Logs are JSON, redacted; the prompt is logged only with redacted content; the response JSON is logged in full because it does not contain PII (only candidate keywords).

7. Cost & capacity model

The keyword-suggester is one weekly batch run with at most a few thousand input lines and a few KB of output. It uses < 1 GPU-minute per run. No incremental cost over the existing compliance-ai deployment.
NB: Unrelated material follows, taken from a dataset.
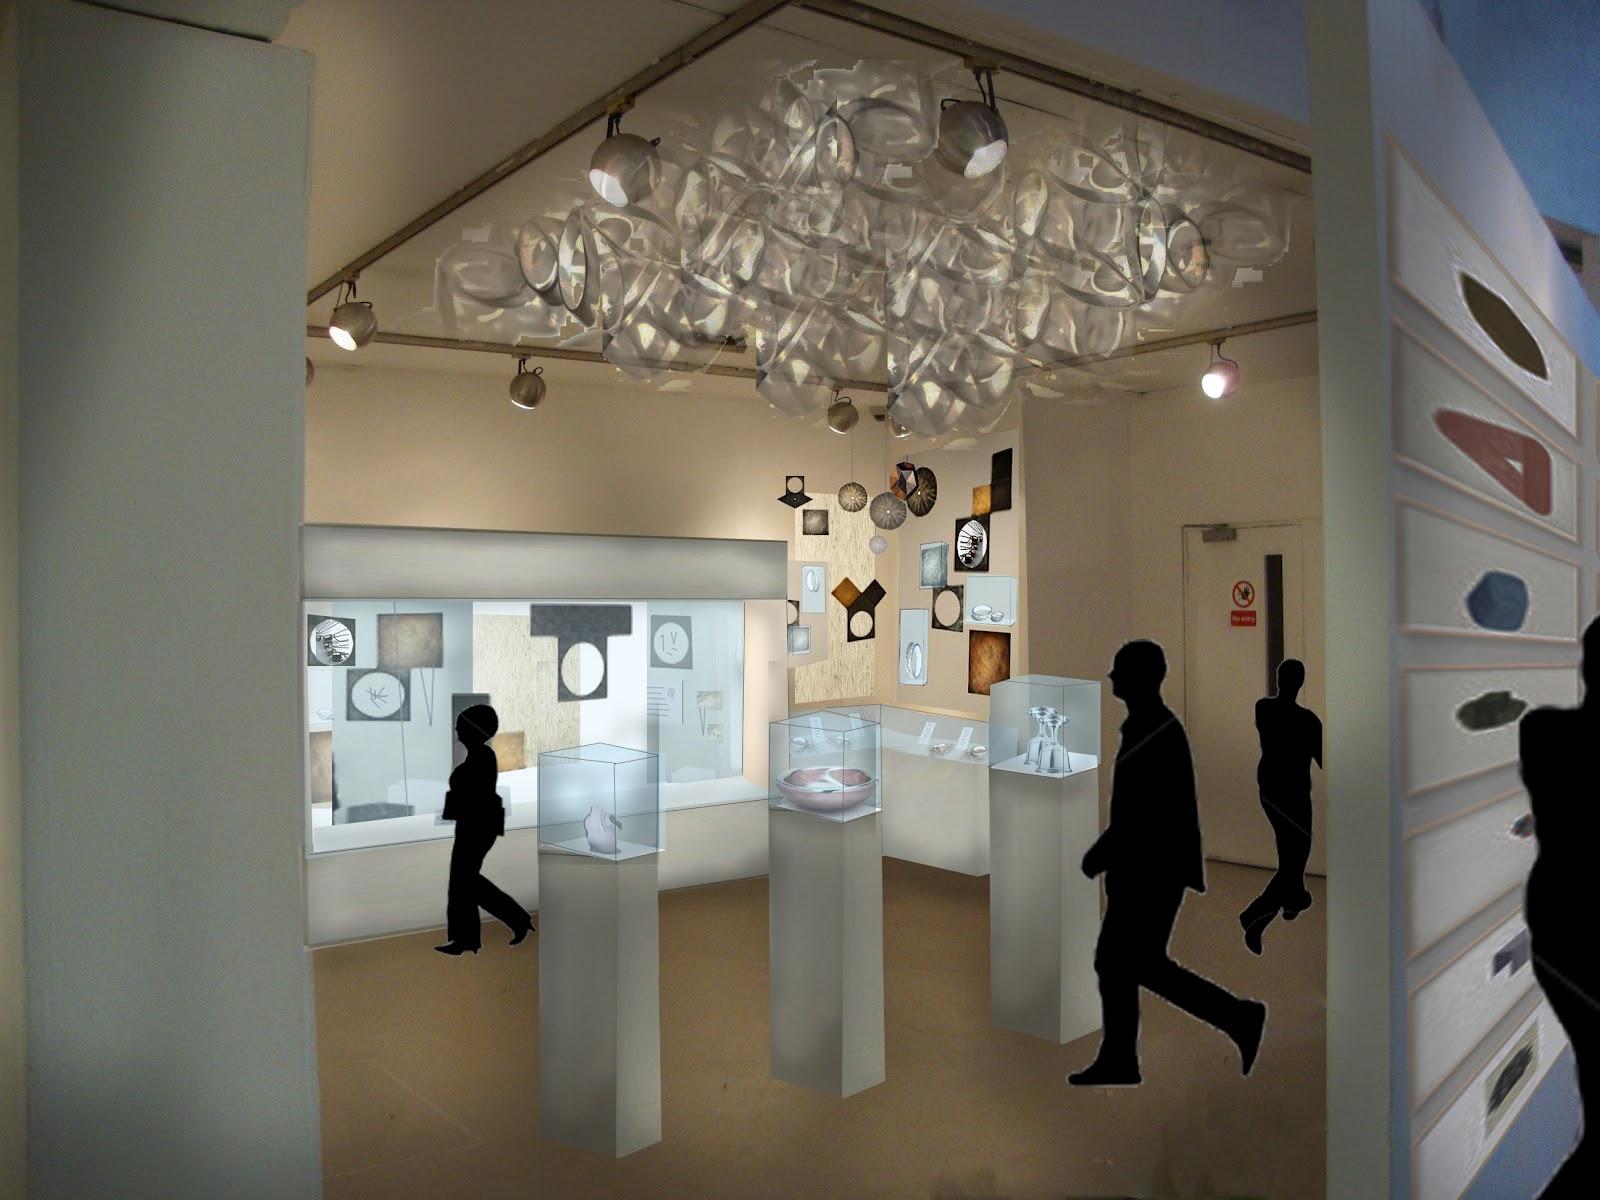 Interior Design: 2yr Newbury Tower, Jewellery Exhibition
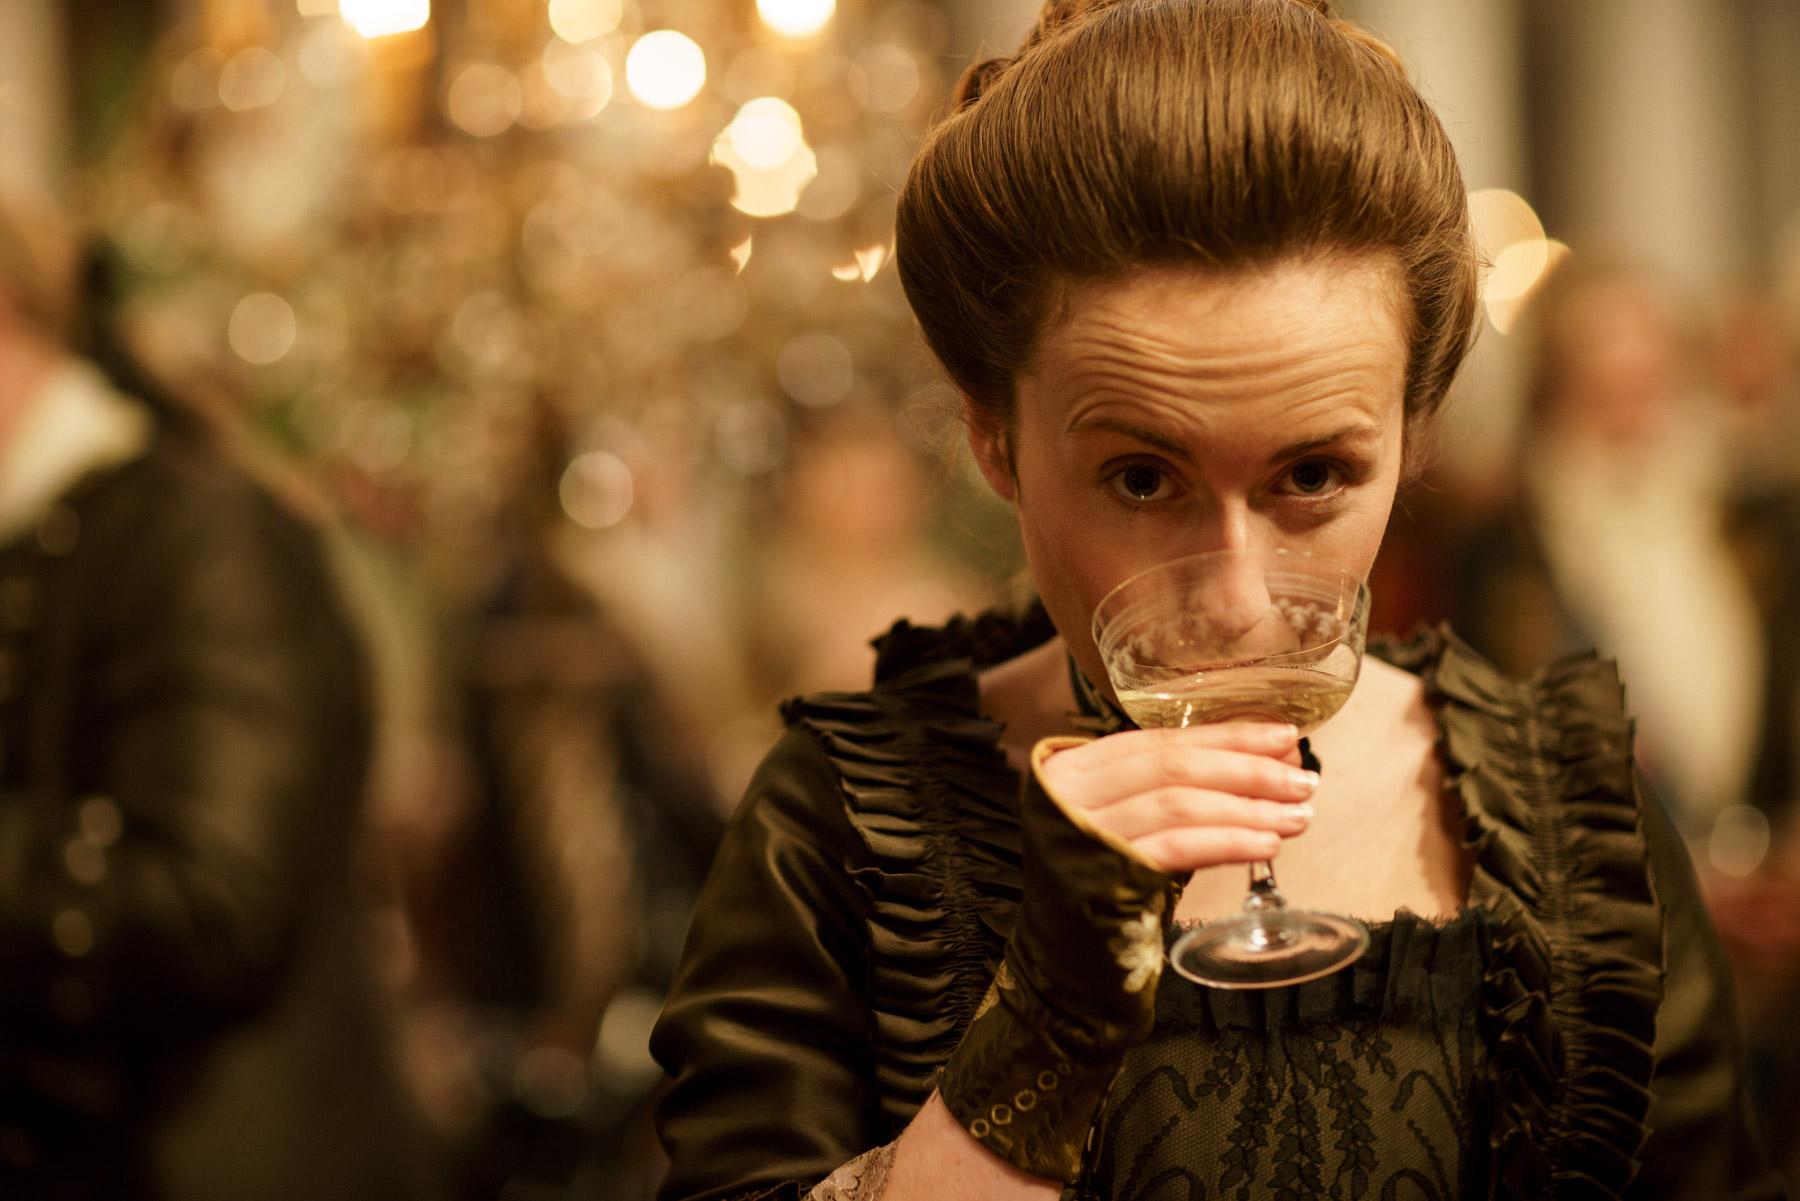 Outlander Season 3 - Behind the scenes

8. Future enhancements (post-v1)

EnhancementRationaleTimeline
Phase 2 NLU opt-out (case B above)Capture free-text opt-outs not in catalog2027 Q1 (subject to red-team validation)
Multi-language ack-back personalisationAdjust ack-back template per dialect2027 Q2
Anomaly detection on STOP rates per tenantFlag surge as potential adversarial / spam-induced storm2027 Q1
AI-assisted regulator query summarisationTake a regulator question and propose the SQL/audit window2027 Q3 — only with HITL

All future enhancements remain bound by:

  • No PII to cloud LLM.
  • Human approval for any consent-state-affecting decision.
  • Deterministic primary path; AI is always advisory.